8. Case Study Scope, Boundaries and Methodologies

Several aspects of the scoping and boundary decisions made within the case studies were contentious:
  • Members of the EFR and Energy Task Force emphasized that the case studies are intended to portray an illustrative sequencing of technologies, not a comprehensive energy strategy. The technologies are understood to be part of a broader mix of supply sources and demand sectors, now and in the future. Other energy sources - nuclear energy and large-scale hydroelectricity, in particular - represent a substantial share of low-carbon energy sources, and fossil fuels will likely remain a significant source of primary energy into the foreseeable future.

  • Some participants were concerned that the use of the EcoLogo certification criteria in the emerging technologies case study would send the wrong signal regarding the renewability of large-scale hydro:

    - The EcoLogo criteria focus on "low impact" renewable energy, excluding most large-scale hydroelectricity, although this is a renewable energy source. "Low impact" hydro is defined by a number of criteria based on protection of indigenous species and habitat, requirements for head-pond water levels, water flows, water quality and several other factors. Theoretically, an installation of any size could meet this requirement, although the general threshold is approximately 10 to 20 MW. As well, the length of time that water is retained upstream from the installation should generally be less than 48 hours. (Note: the EcoLogo criteria also screen out some biomass facilities. For more detail, see Appendix B.)

    - Some hydroelectric utilities consider the EcoLogo exclusion of larger installations to be confusing and misleading. Moreover, it was pointed out that the federal government defines large-scale hydro as a renewable energy source.64 Fiscal instruments for emerging renewable power sources should therefore be complemented by other measures designed to support renewable sources at more mature stages of development, most notably large-scale hydro. Failure to do so would eliminate 90 percent of the current renewable electricity supply in Canada, as well as risking less displacement of fossil-fuel generation.

    - A related concern was that the EcoLogo, a voluntary ecolabelling program, is a marketing tool, not a regulatory standard; as such, it should not be used as the basis for fiscal instruments.

There was widespread agreement that large-scale hydro is complementary to many emerging renewable energies. Apart from geothermal energy, these resources are intermittent and require backup energy production capacity, such as that from hydroelectric reservoirs.

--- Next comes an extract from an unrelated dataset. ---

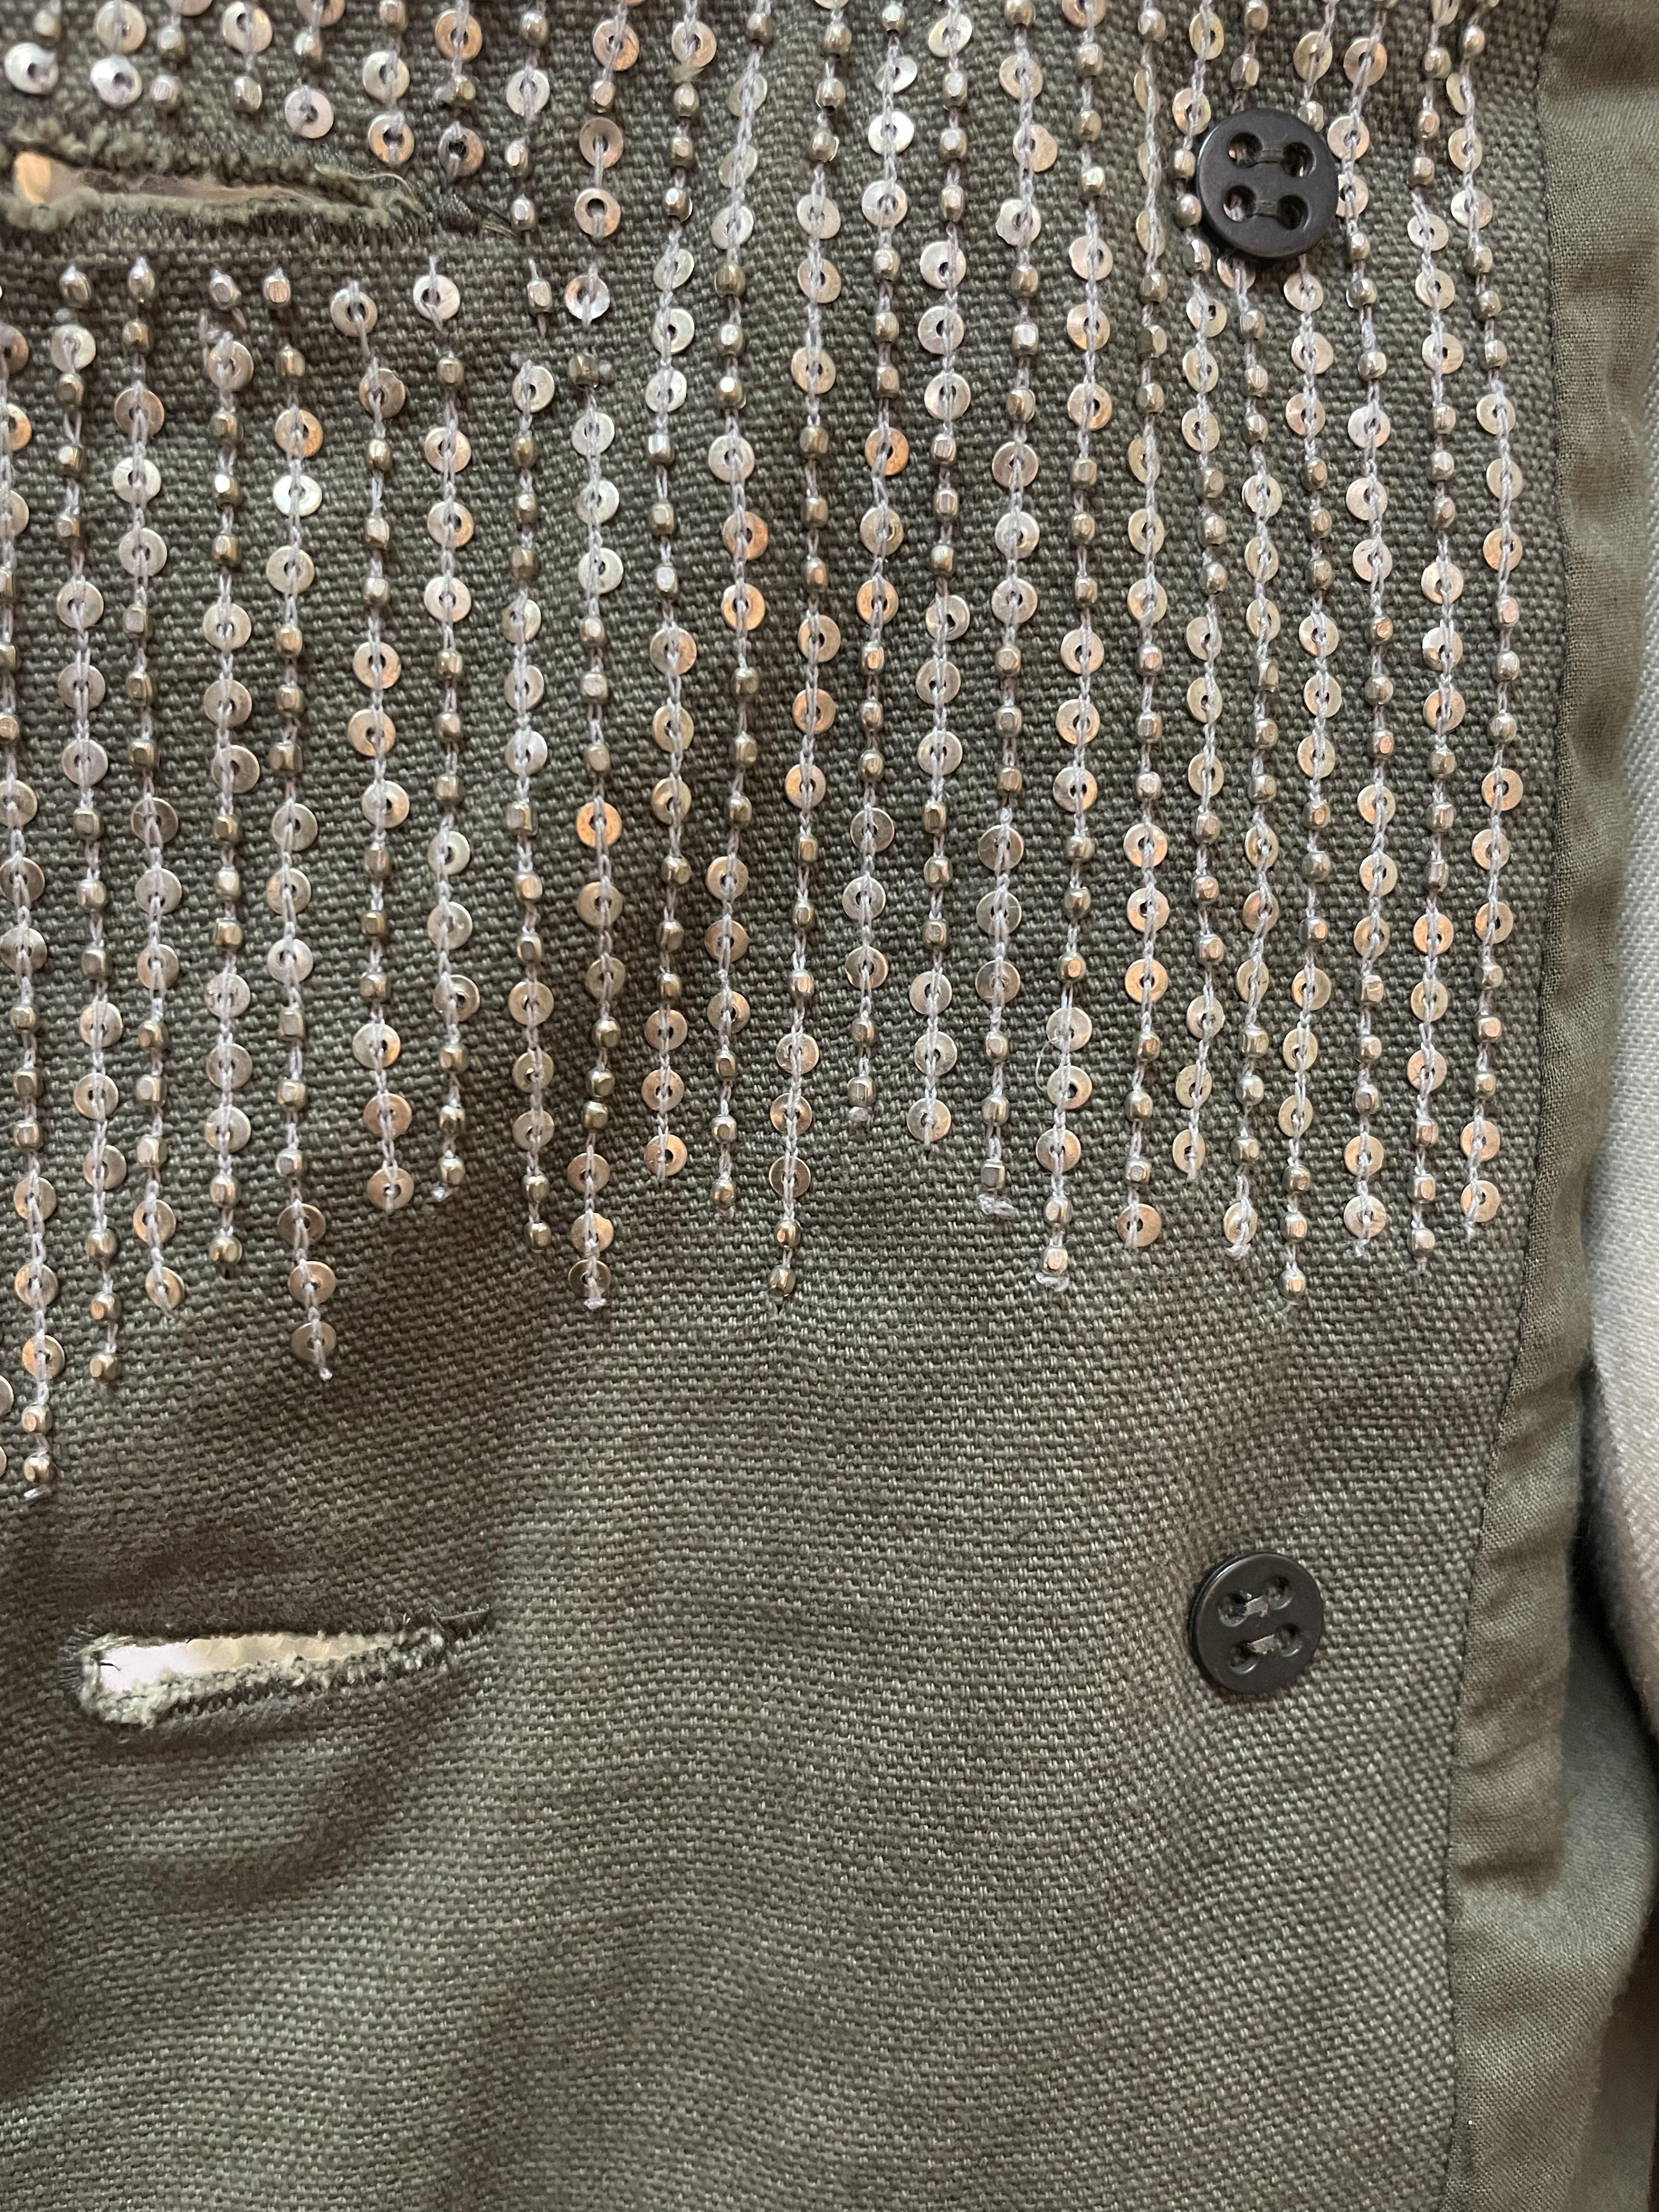 A DRIES VAN NOTEN EMBELLISHED MILITARY JACKET - Image 11 of 13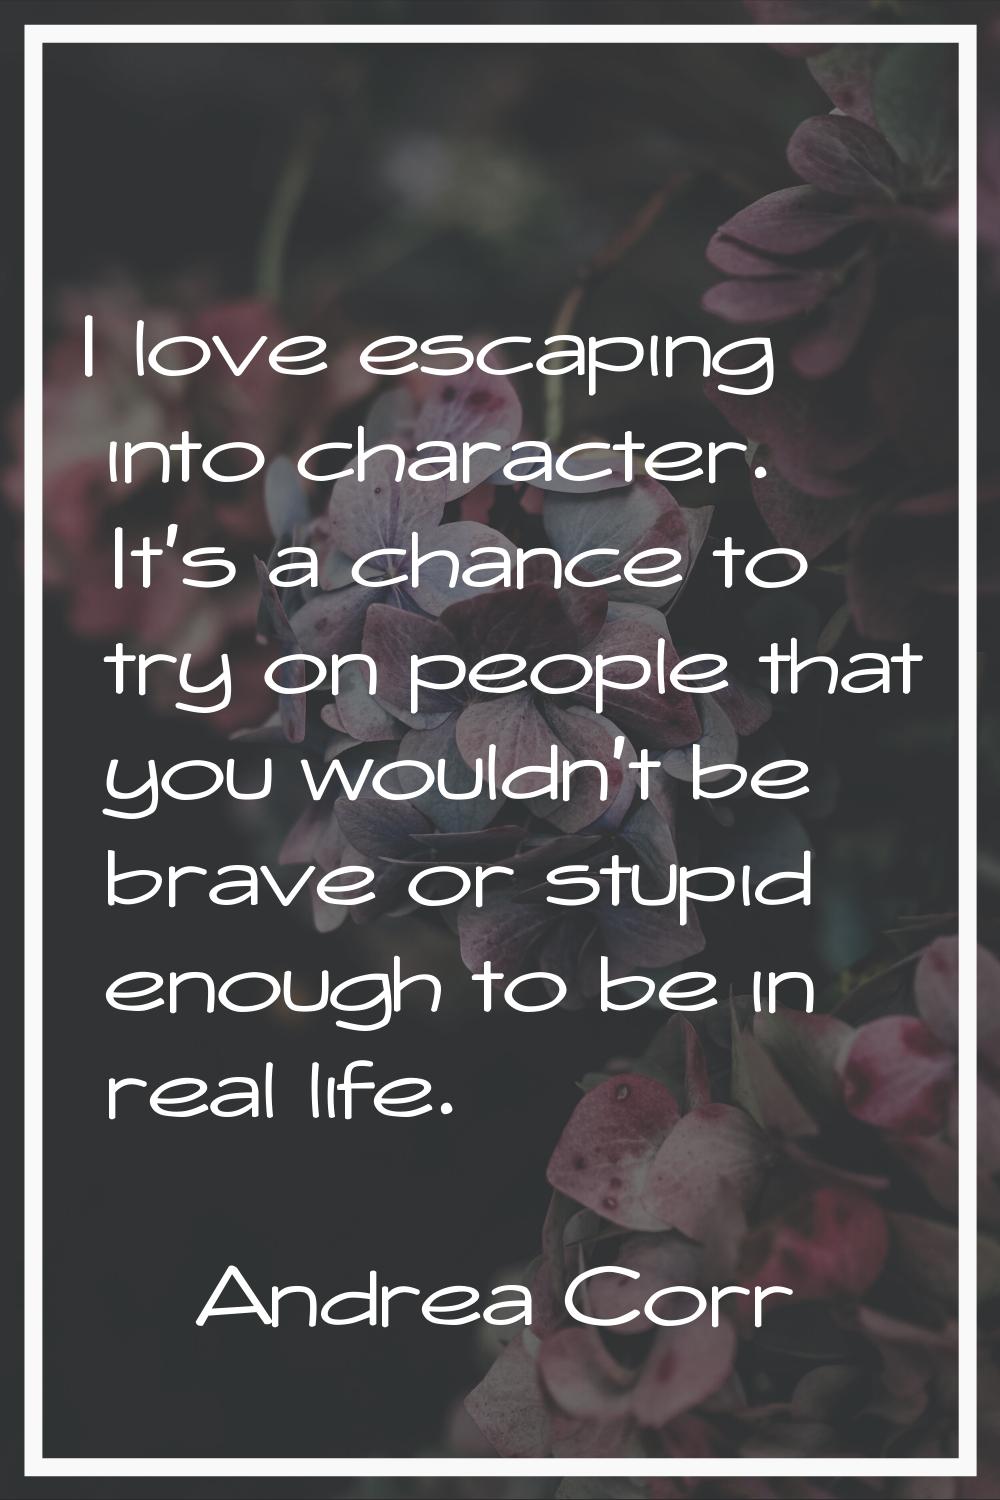 I love escaping into character. It's a chance to try on people that you wouldn't be brave or stupid

  • The solar industry and Natural Resources Canada originally wanted the emerging renewable electricity case study to include off-grid applications (e.g., ground-source heat pumps, solar hot water heaters and passive solar), which hold considerable promise in mitigating long-term carbon emissions. These technologies could not be addressed in the computer model that was used and, for that reason only, were excluded. Although certain modelling programs do exist for such technologies (i.e., the Renewable Energy Deployment Initiative, REDI), these technologies do not lend themselves to production-related fiscal measures. Off-grid technologies can contribute more to the displacement of existing generation (in ways that are sometimes difficult to measure) than to the actual generation of electricity.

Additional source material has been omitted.